No surprise airplanes are extremely expensive and yet there is almost no innovation. Volkswagen builds more cars in an hour than all GA manufacturers together in one year.

And this is not going to change. The utility value of GA airplanes is so little that demand remains small. Even if I offered a Cirrus type of airplane at a price point of €100k, I would only sell a few thousand. Demand is not very elastic in this market.

Not really in “one hour”, but I think they once made up to 5000 Golfs per day …. (from memory!)

(If you offered the Cirrus for 100 K you would sell THOUSANDS, because it would destroy the complete Ultralight market and everyboy would do a §real" pilots licence, IMHO

Last Edited by Flyer59 at 20 Feb 09:21

The 172, Archer and DA40 at less than 260 total – compared to several thousand in the 1970s for similar aircraft.

I also hoped to see more numbers for the non aerobatic tailwheel community – single figures only for Maule and American, in addition to the Carbon Cub mentioned.

The Legend Cub doesn’t figure, even though US produced?

Oxford (EGTK), United Kingdom

I think the Archer, like the Skyhawk, sells to people who do not need a FAST airplane and who know they can handle this type. THe Archer (like the 180 hp Cessna) is a good simple touring airplane that can take off and land on any surface, is really easy to repair and know by mechanics all over the world. And with an Archer III with Glass Cockpit you can do IFR training for less money than in a Cirrus.

the FTOs who bought them aren’t buying any more.
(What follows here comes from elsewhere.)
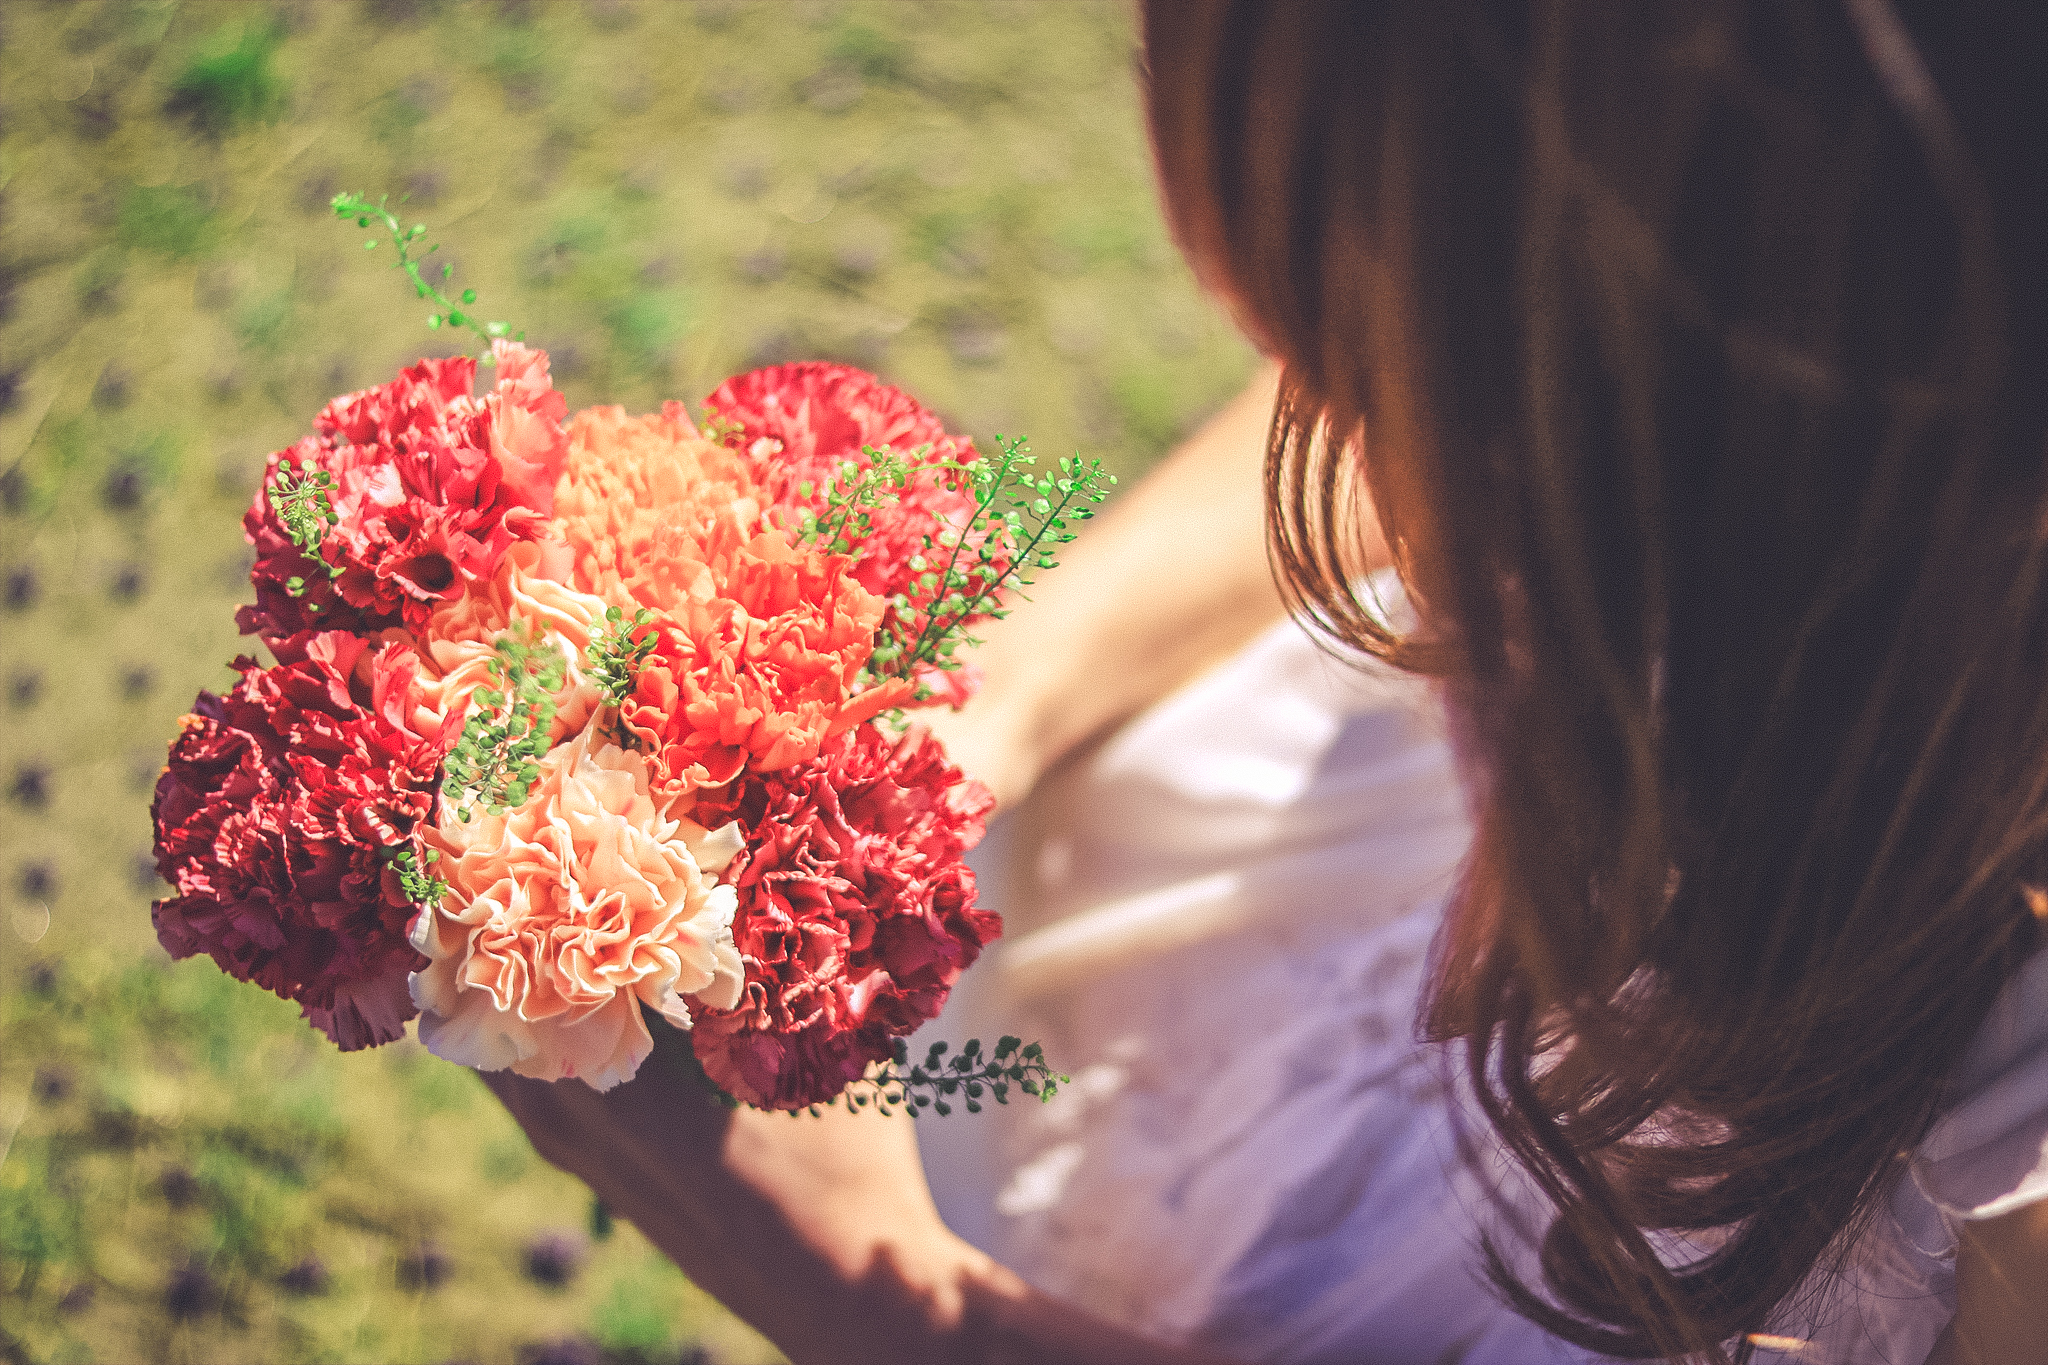 今年はやってみよう バレンタインに贈る花束にオススメの花 切花情報サイト ハナラボノート

Why not?

The FTO business is going very poor – there is an abundancy of experienced pilots available, so airlines are not hiring newbies, so nobody (well, very few) still start training for an ATPL. Actually, several FTO’s have already closed down.

EBZH Kiewit, Belgium

Also the multi pilot integrated route adopted quite widely (except the US where the 1,500 hour rule has been re introduced), has had an effect on modular ATOs.

As this training only involves 70 hours in a real aircraft, presumably they are not required to fly an MEP at all?

Oxford (EGTK), United Kingdom

Is there a graph of SR22 annual sales, since 2002?